Principal investigator (ÚFAL): 
Project Manager (ÚFAL): 
Provider: 
Grant id: 
128122
Duration: 
2022-2024

The proposed project deals with compound words in Czech, Russian, German and English, aiming at constructing a deep learning model that will a) identify compounds from non-compounds and b) generate their base words without relying on dictionary data. Task a) will be referred to as compound identification, while task b) will be referred to as compound splitting.
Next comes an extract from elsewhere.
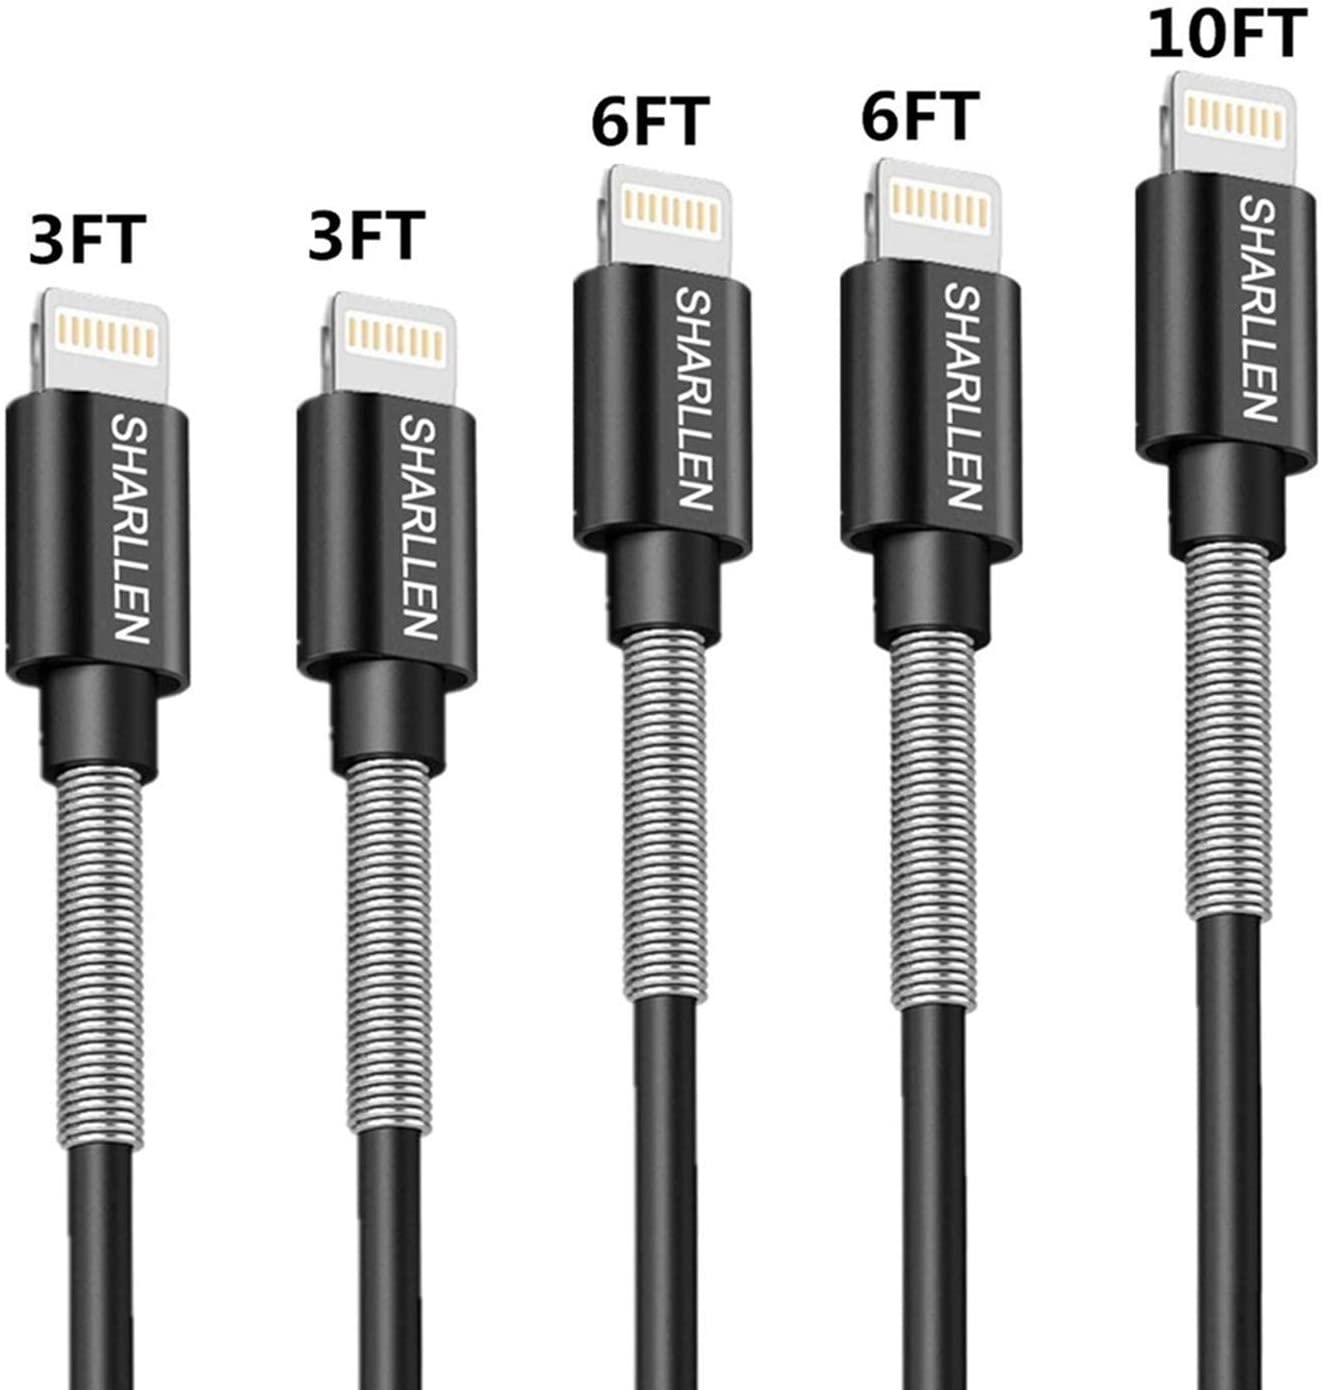 iPhone Sharllen Metal Spring iPhone Charger Cable Lightning Cable 3FT/6FT/10FT Long iPhone Charging Cord Data Wire Compatible iPhone 11/XS/Max/X/8/8Plus/7/7P/6/6 P/6S/iPad Black

Being given a compound word such as ‘rybolov’ ("fishery") or ‘flowerpot’ the model will determine whether or not this word is a compound word and if so, find the parent words for that compound, in this case 'rybolov' -> ['ryba', 'lov'] and 'flowerpot' -> ['flower', 'pot']. The project’s priority will be to handle compounding like this for several languages at the same time, because: 1) compounding presumably shares patterns across these languages; 2) covering a number of languages with a single model is both computationally and practically convenient; 3) the model will be able to deal with the appearance of loanwords in its input data. Because the four languages are formed from one pair of Slavic languages and one pair of German languages, all four being Indo-European, it will be interesting to see how training the model on data from all four languages improves its overall performance. We believe that this will be the case, because in all four languages, the overall patterning of bound and free morphemes into compound lexical units is similar. Furthermore, the model will be adapted into a Python package and distributed, which will transform it into a potentially useful natural language processing tool. It will then be possible to use it alongside tokenizers and lemmatizers to help automatically process and analyze ad-hoc coined compounds, which would otherwise be out-of-vocabulary.